DATA SEGMENT:
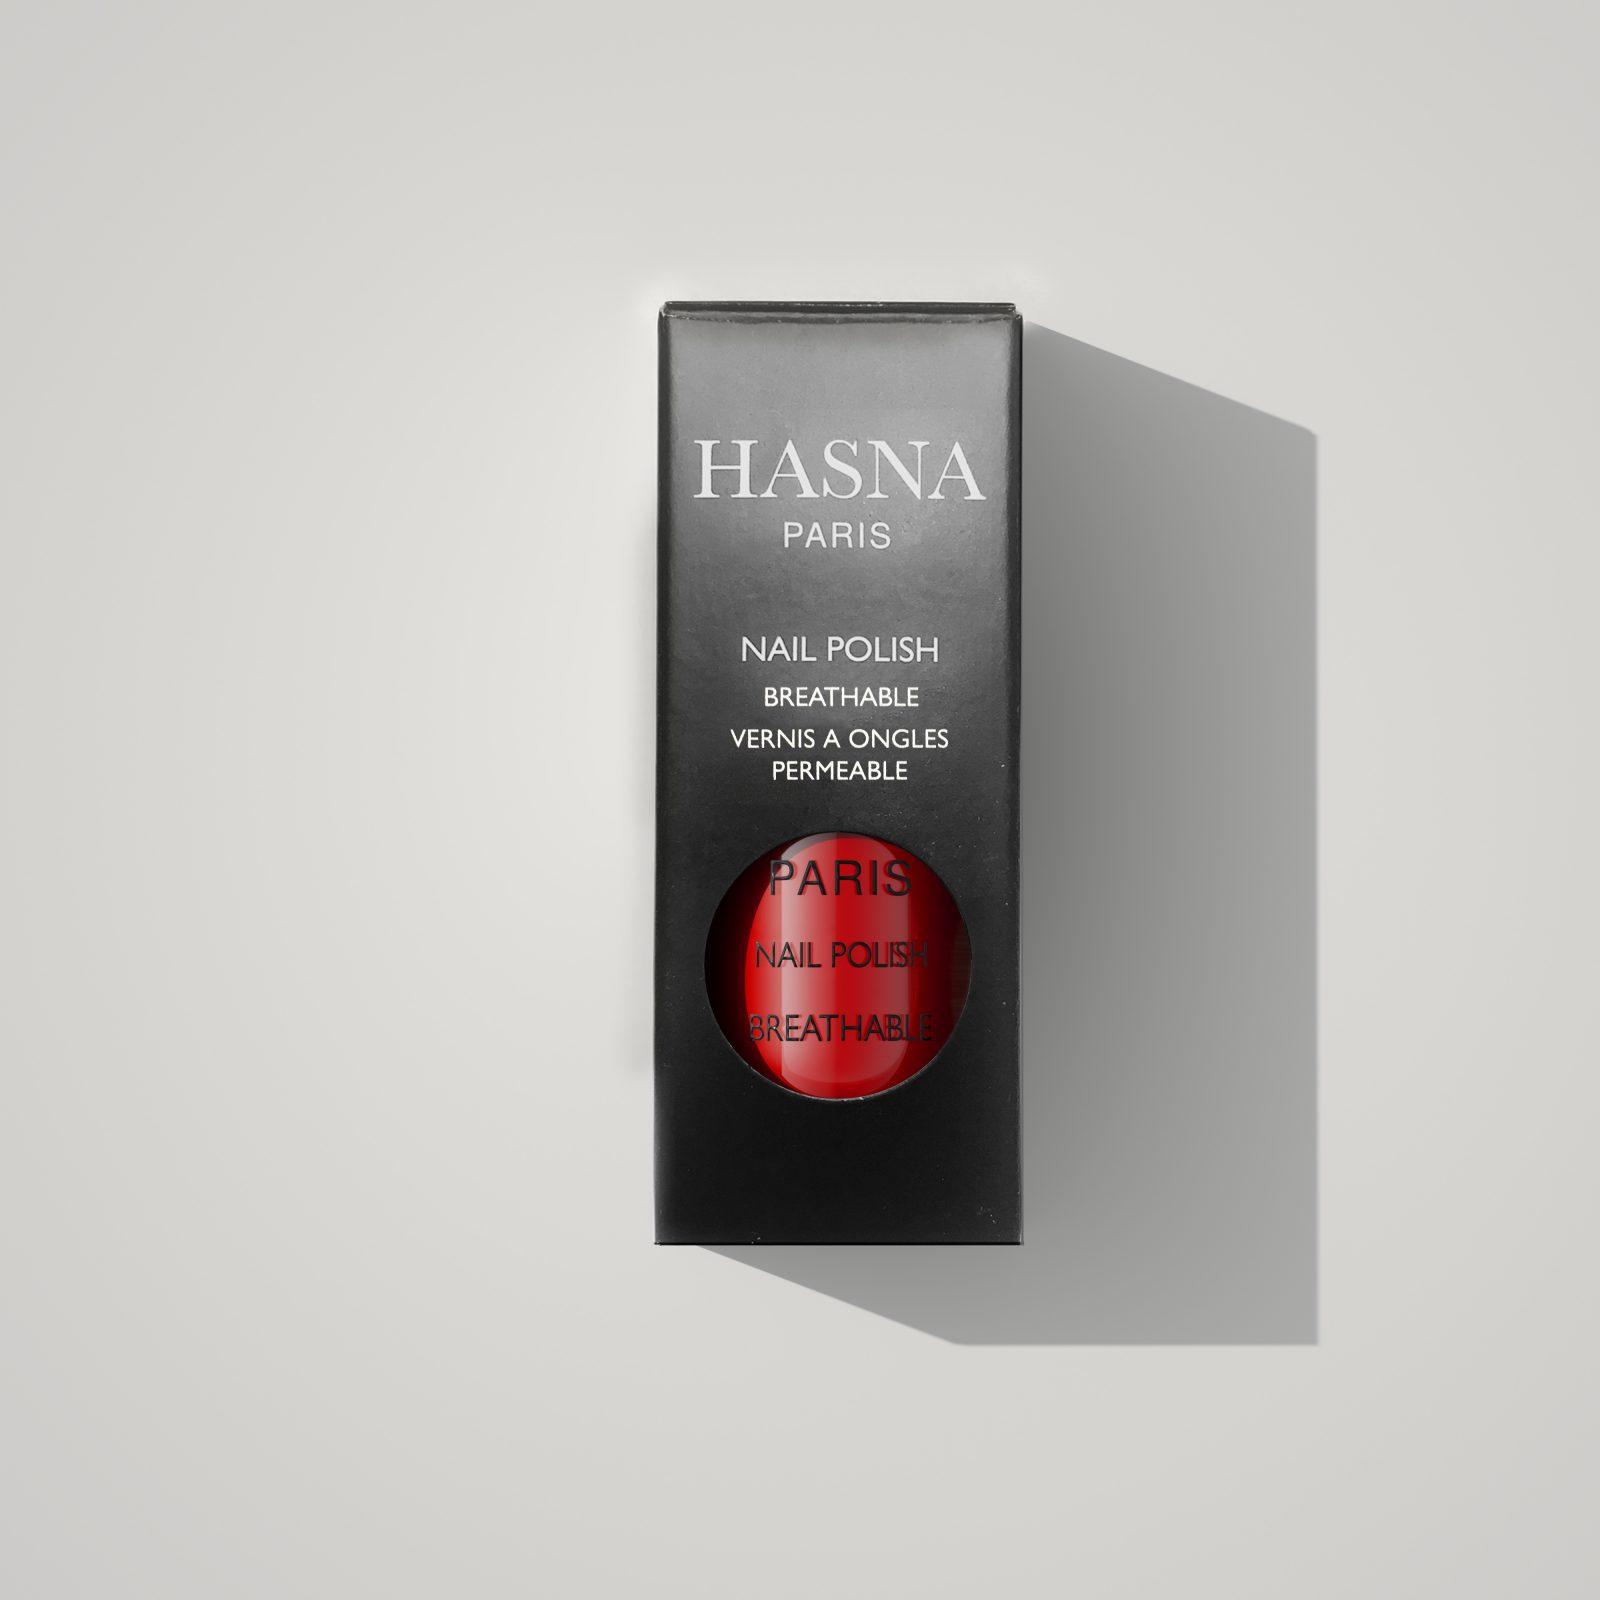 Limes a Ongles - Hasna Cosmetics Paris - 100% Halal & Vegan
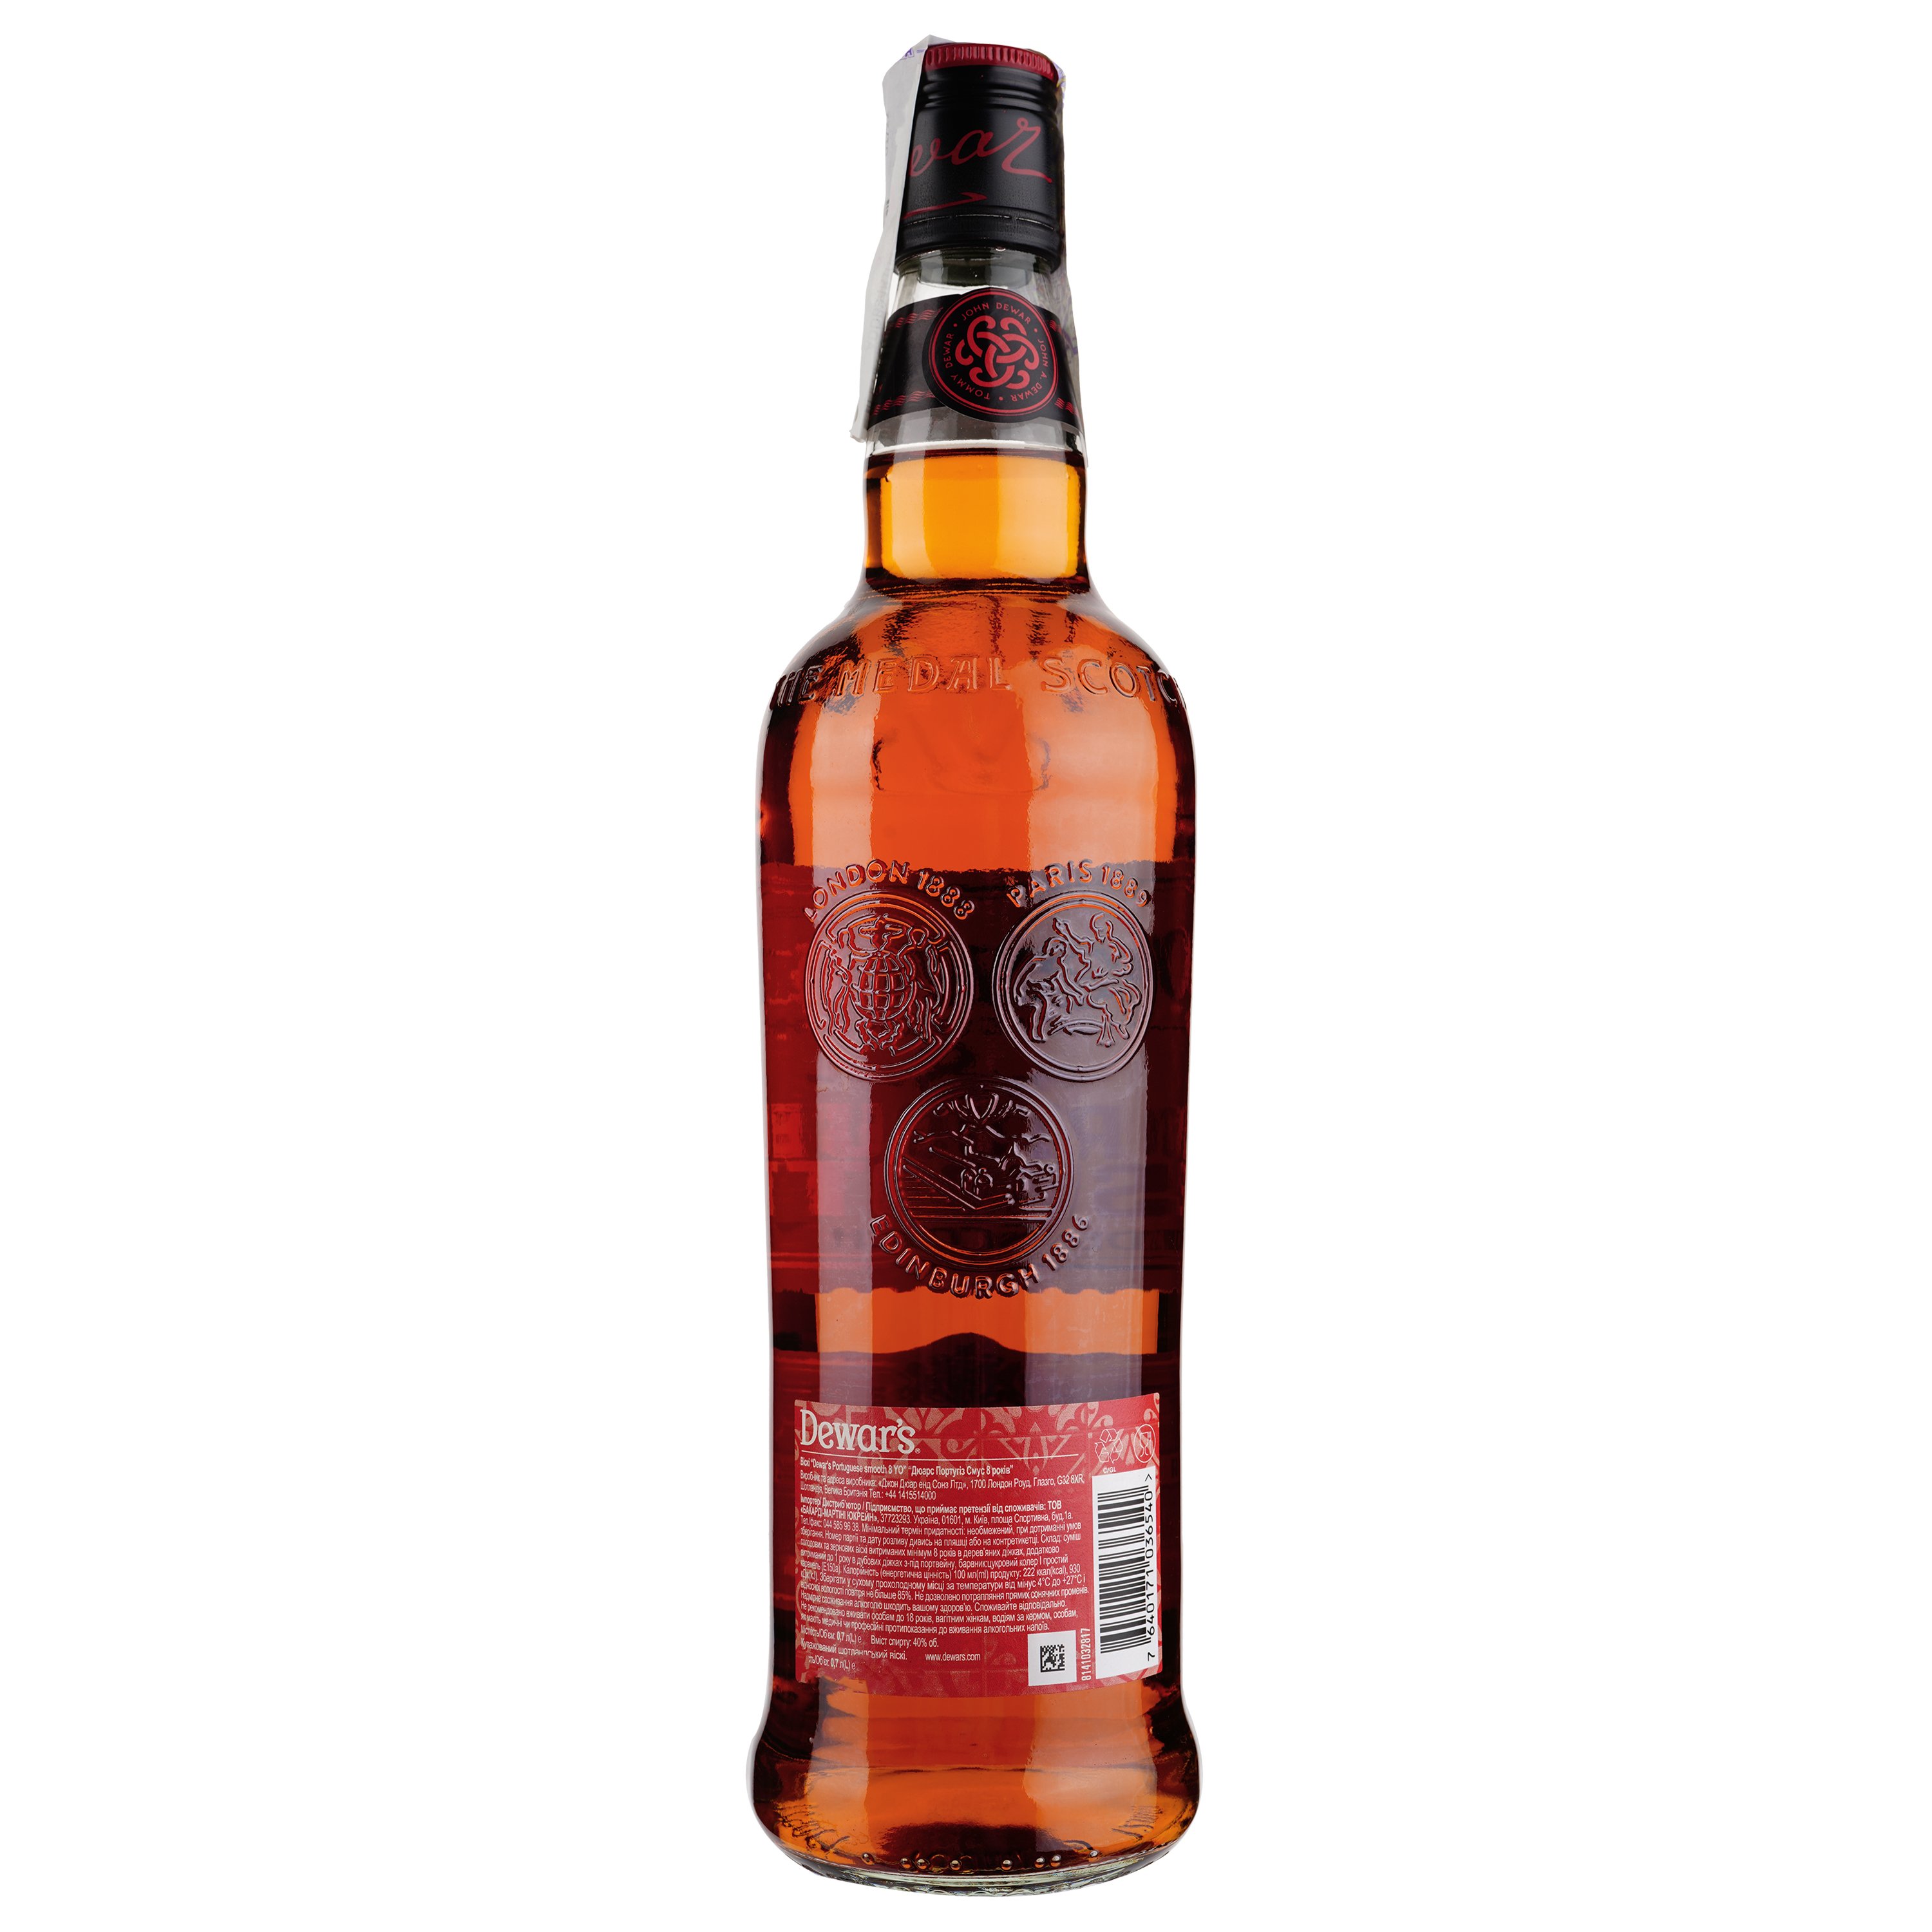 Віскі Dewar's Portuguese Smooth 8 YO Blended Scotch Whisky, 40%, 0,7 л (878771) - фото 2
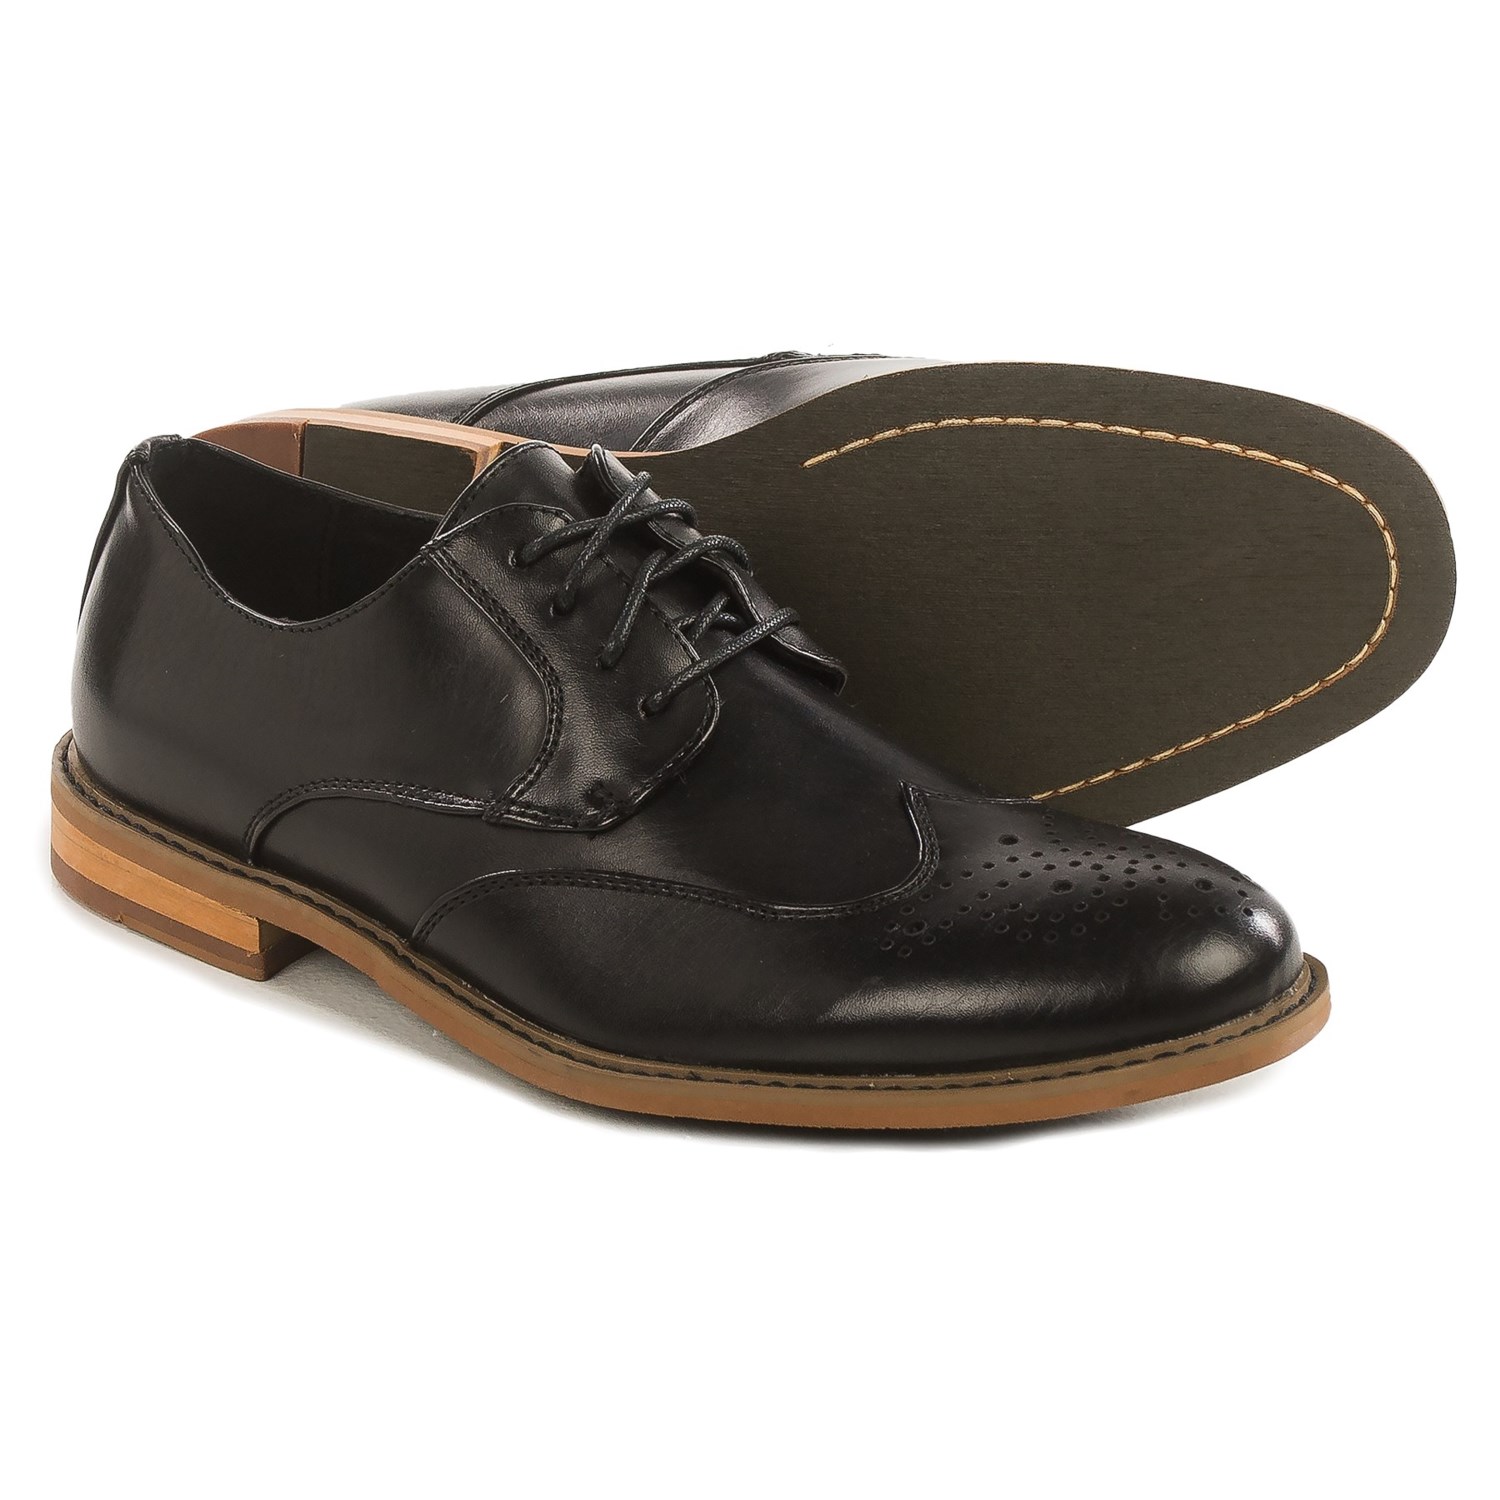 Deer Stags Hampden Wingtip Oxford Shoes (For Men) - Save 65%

TASK REQUIREMENTS:
Return the listing unchanged, but drop every picture.

ANSWER BOX:
 Limes a Ongles - Hasna Cosmetics Paris - 100% Halal & Vegan
 Віскі Dewar's Portuguese Smooth 8 YO Blended Scotch Whisky, 40%, 0,7 л (878771) - фото 2
 Deer Stags Hampden Wingtip Oxford Shoes (For Men) - Save 65%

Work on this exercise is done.